A 4-hour render that sleeps at hour 3
You kick off a long export in Final Cut Pro, queue up a batch encode in Handbrake, or start a Blender render that's going to take the rest of the afternoon. You leave the room. Three hours in, your Mac decides you're idle and goes to sleep. The render stops. When you wake the Mac up, some apps can resume where they left off. Others can't. And even the ones that can resume have to re-initialize the GPU and rebuild their processing pipeline, which adds time and sometimes introduces errors.
You'd think rendering apps would tell macOS to stay awake. Some do. Compressor usually handles this correctly. But Final Cut Pro, DaVinci Resolve, Blender, and Handbrake don't always request sleep assertions, especially during exports or background renders. If the app doesn't explicitly tell macOS "I'm busy, don't sleep," the idle timer keeps ticking and your Mac will sleep on schedule.

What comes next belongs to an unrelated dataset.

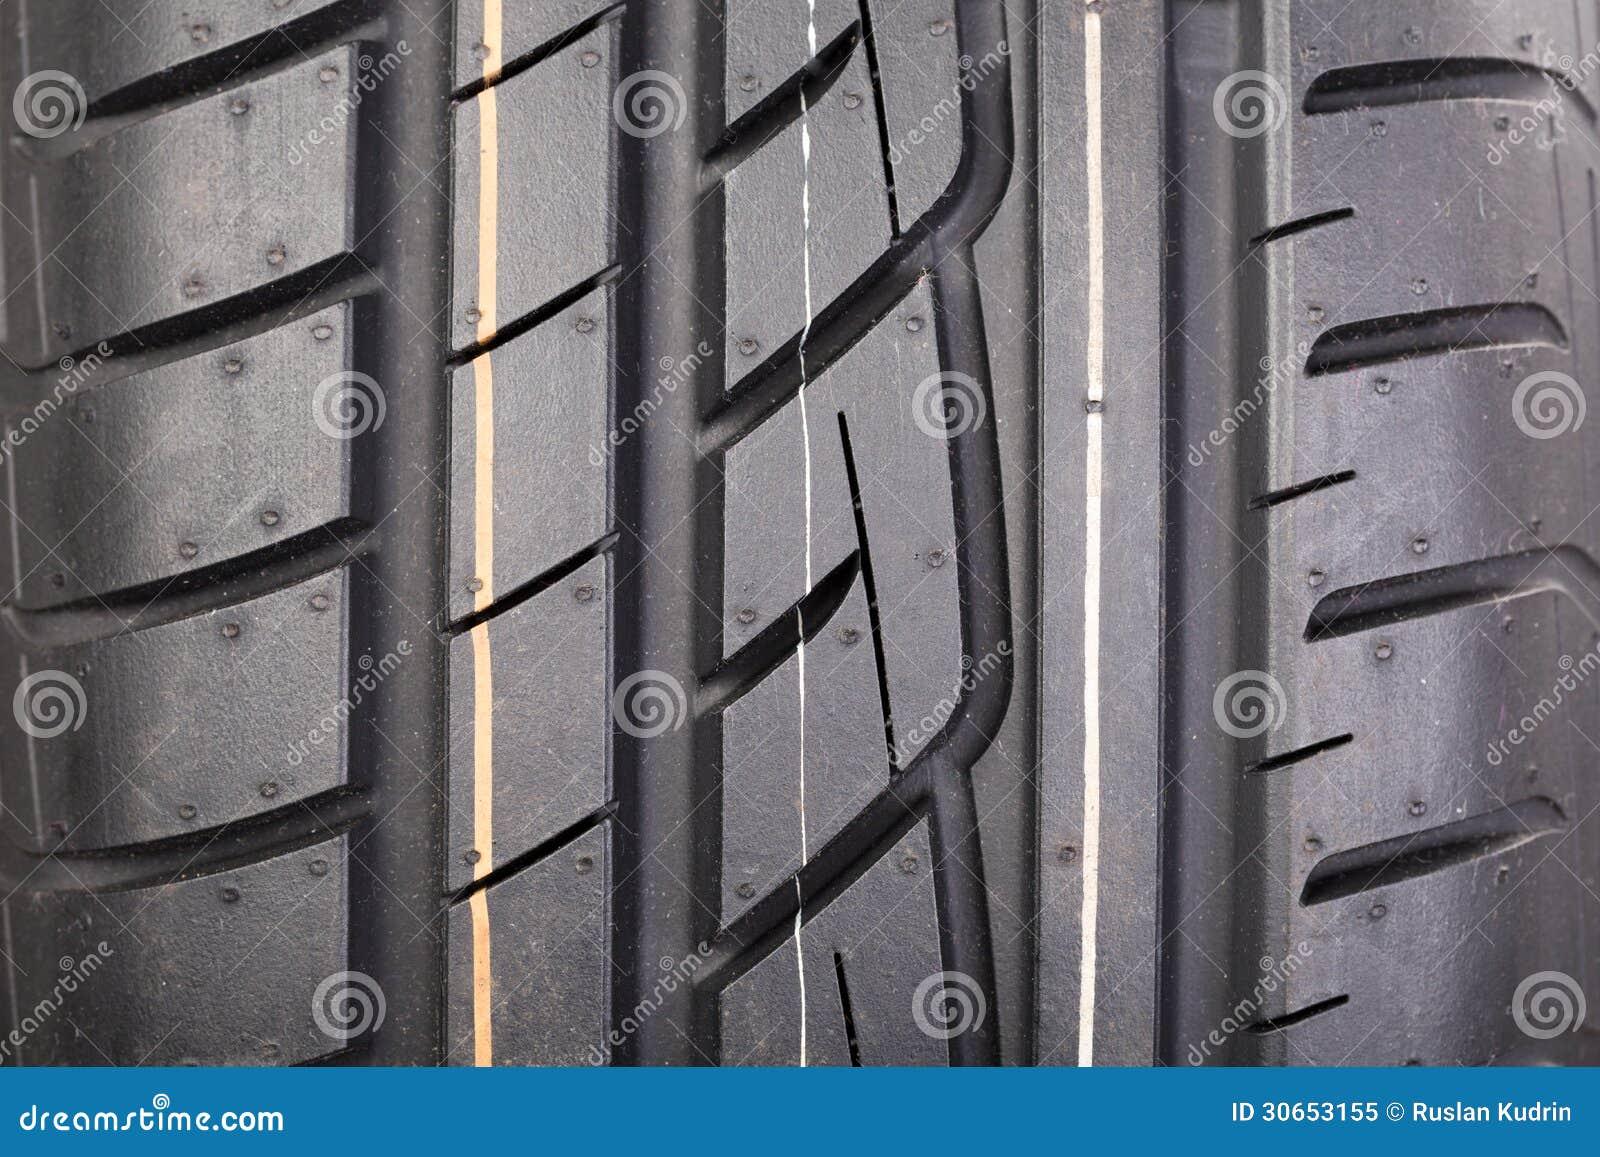 New tire tread royalty free stock photo image 30653155 - Tire tread wallpaper ...

CPU threshold: auto-detect when you're rendering
Shake It On has a condition called "Only Shake If CPU usage above threshold." Set it to something like 20-30%, and Shake It On will automatically activate whenever your Mac is doing heavy work. A video encode that's pinning your CPU at 85%? Shaking is on. The render finishes and CPU drops back to 3%? Shaking stops and your Mac can sleep normally.
This is the perfect condition for rendering because you don't have to think about it. You don't need to remember to enable anything before you start the render, and you don't need to remember to disable it after. The CPU threshold does the thinking for you.
For most rendering workloads, 20-30% is the right threshold. Video encodes and 3D renders typically push CPU well above 50%, so there's plenty of headroom above the trigger point. Normal background activity (email, browsing, Spotlight indexing) rarely sustains above 15-20%, so you won't get false positives.
Pairing conditions for overnight renders
If you're starting a render before you leave for the day, you'll want a couple of extra conditions:
- Paused When on battery. If you're rendering on a MacBook, you're almost certainly plugged in. But if someone accidentally unplugs the power cable, you don't want Shake It On keeping the Mac awake on battery while the CPU is pegged at 100%. The battery would drain in no time. This condition catches that edge case.
- Allow display to sleep. An overnight render doesn't need the screen on. Let the display turn off to save energy while the system stays awake and the render continues.
With the CPU threshold, battery pause, and display sleep all configured, you get exactly the behavior you want: Mac stays awake while rendering, display goes dark to save power, and everything returns to normal when the job finishes.